Profits fall but sales rise at Novo Nordisk

by | 2nd May 2006 | News

Net profit at Danish drugmaker Novo Nordisk fell 2% as costs of rolling out its new diabetes drug Levemir in the USA more than offset a healthy leap in sales.

Net profit at Danish drugmaker Novo Nordisk fell 2% as costs of rolling out its new diabetes drug Levemir in the USA more than offset a healthy leap in sales.

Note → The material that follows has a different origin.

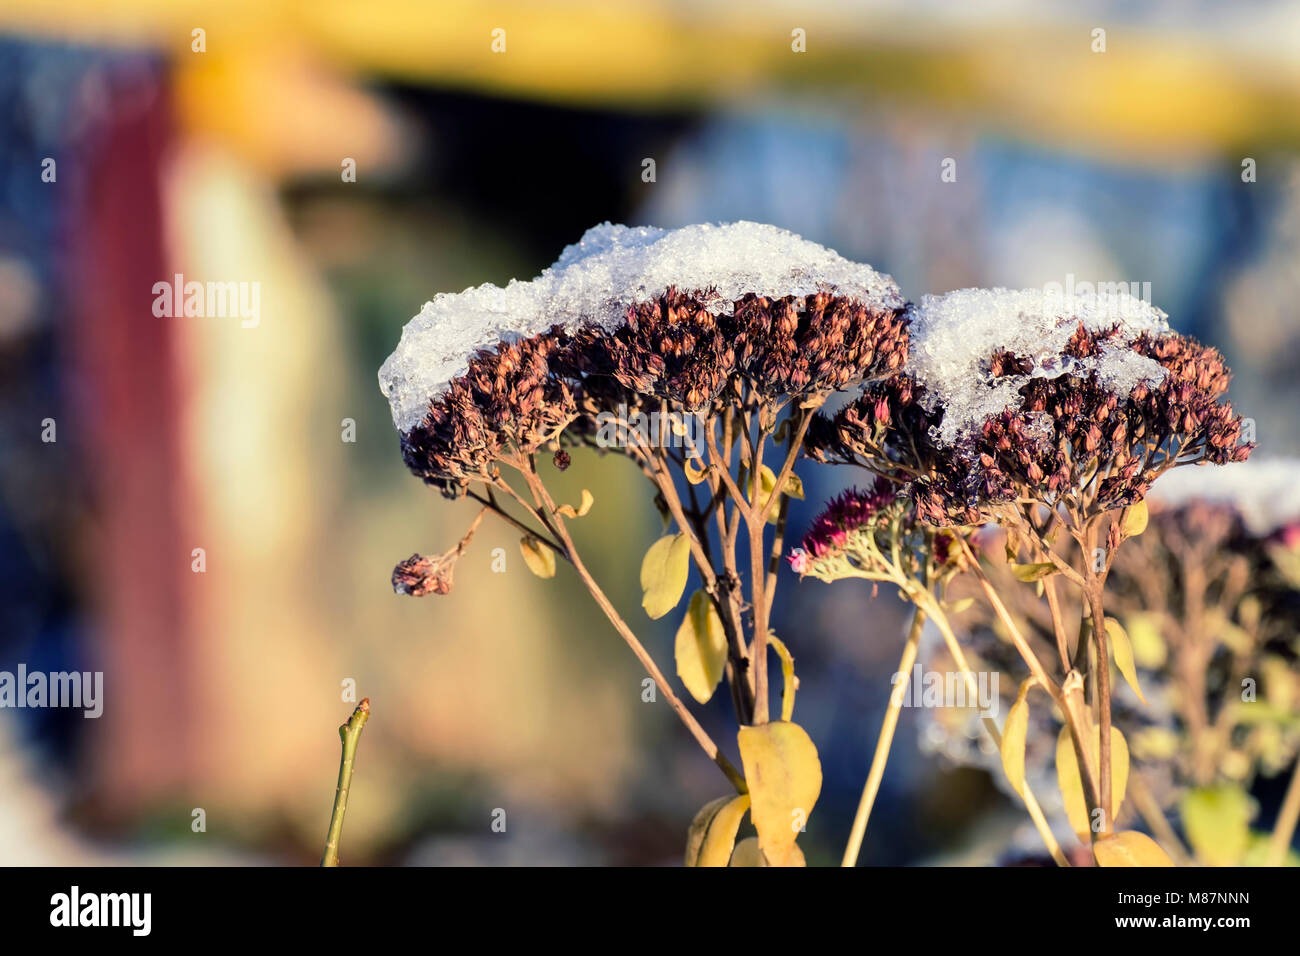 Les fleurs sèches de racine de gravier parsemée de neige (Eutrochium purpureum) Banque D'Images
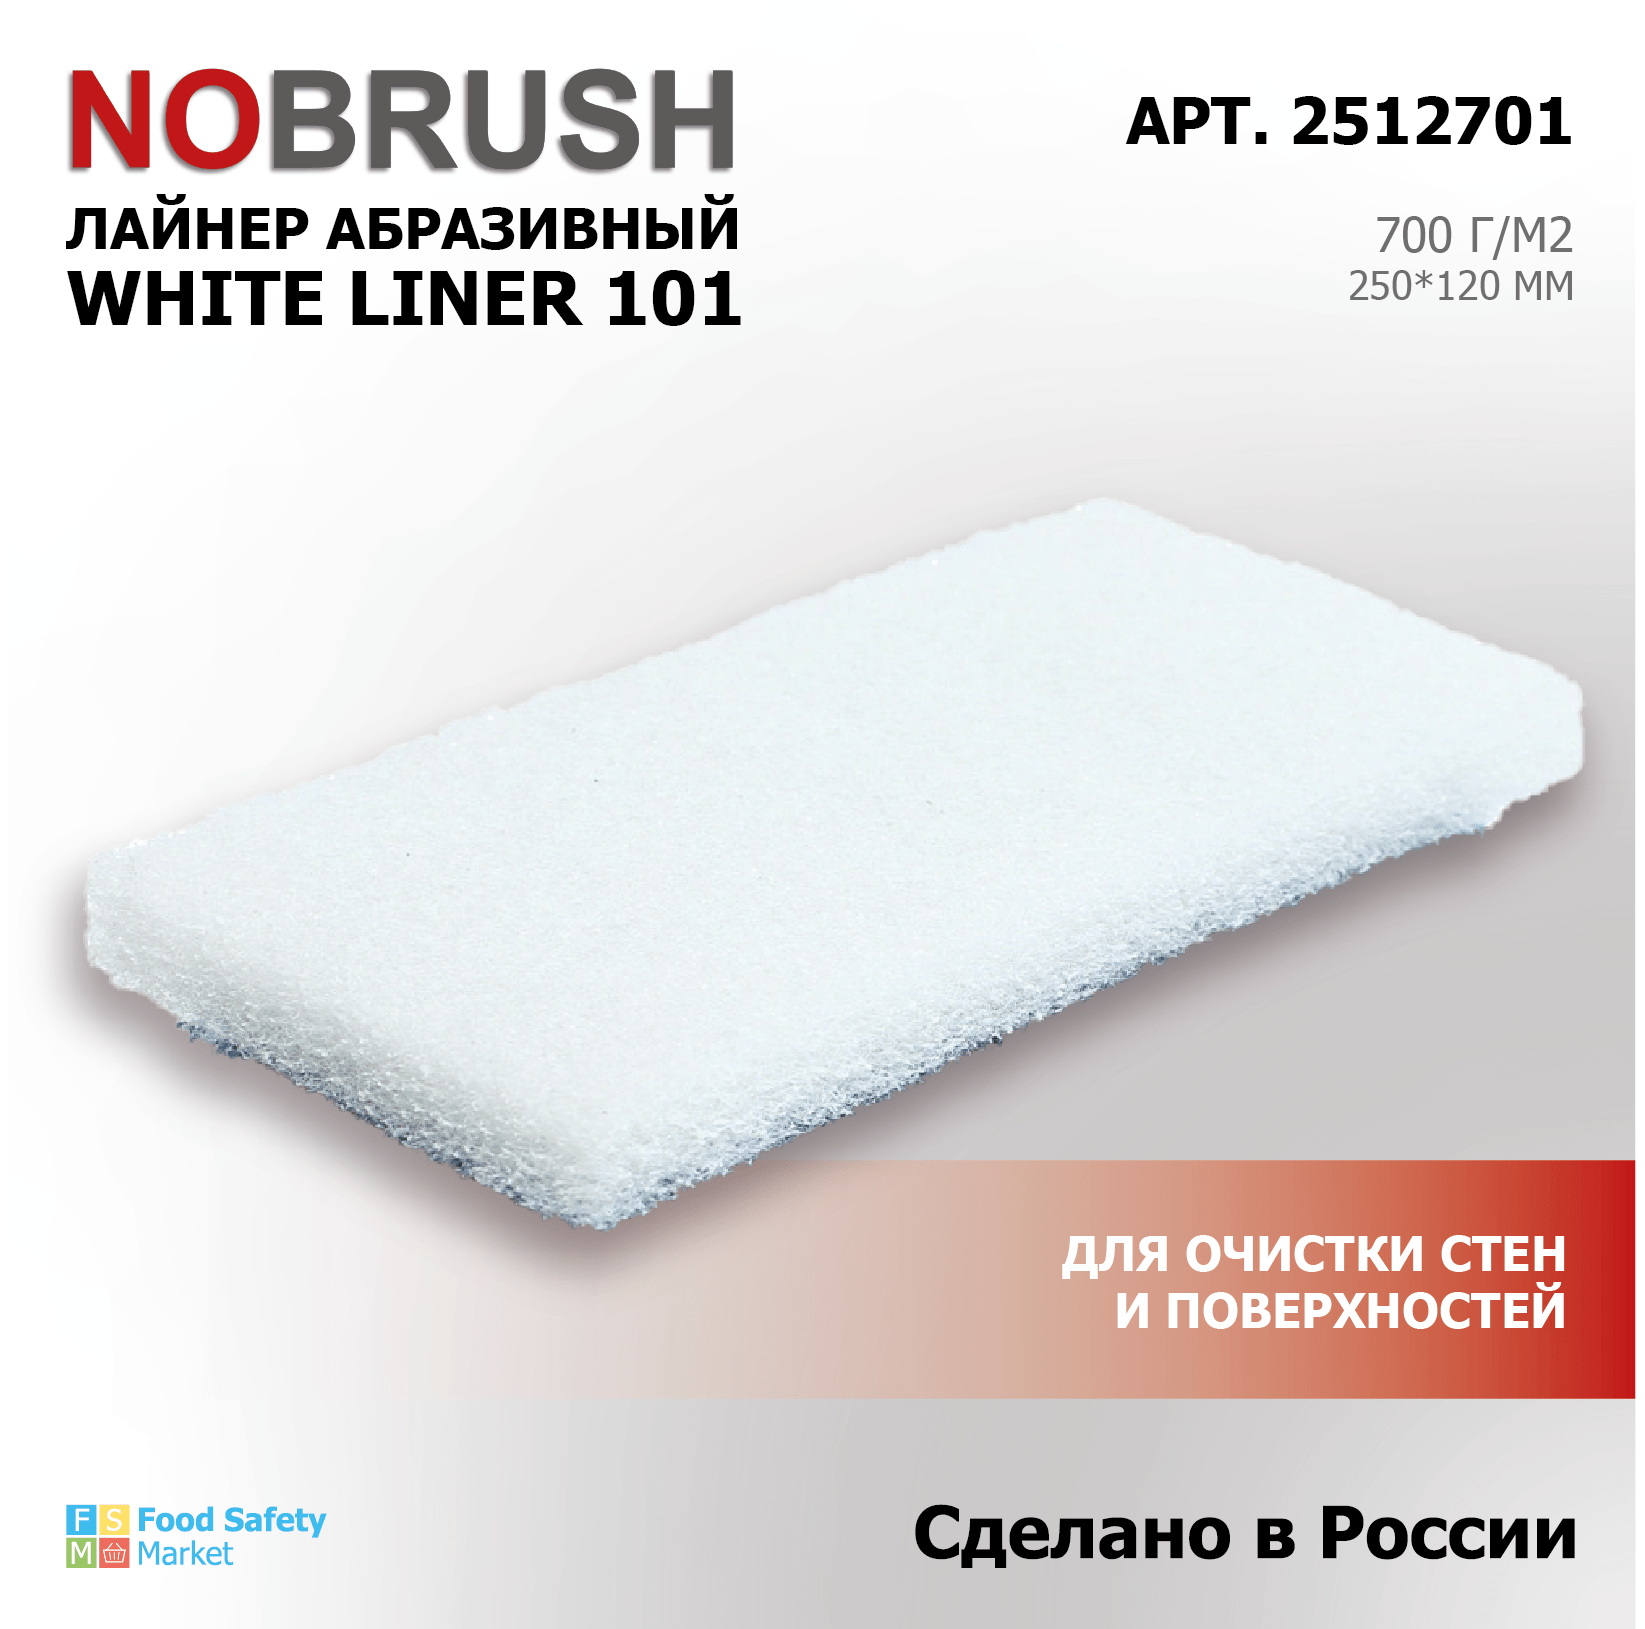 Лайнер абразивный (пад) HACCPER NOBRUSH White liner 101 для очистки стен и поверхностей, 250*120 мм

Net profit came in at 1.21 billion kroner ($205m), although group sales rose a healthy 23% to 8.95 billion kroner, driven by Novo Nordisk’s insulin analogue products and NovoSeven (recombinant Factor VIIa) for haemophilia and other clotting disorders.

Costs associated with the US launch of new long-acting insulin analogue Levemir (insulin detemir), which caused sales and distribution costs to leap 28% to 2.73 billion kroner.

Novo Nordisk needs to invest well in the US launch of Levemir, which kicked off in March, because it will compete head-to-head in the marketplace with Lantus (insulin glargine), another long-acting insulin analogue developed by Sanofi-Aventis.

Sales of the company’s insulin analogues increased by 60% overall, while NovoSeven rose 16%. For the full-year, Novo Nordisk expects sales to rise 11%-13%.

– Meanwhile, Novo Nordisk said it had started Phase III testing of liraglutide, a once-daily analogue of glucagon-like peptide-1 (GLP-1) in around 3,800 patients with type 2 diabetes.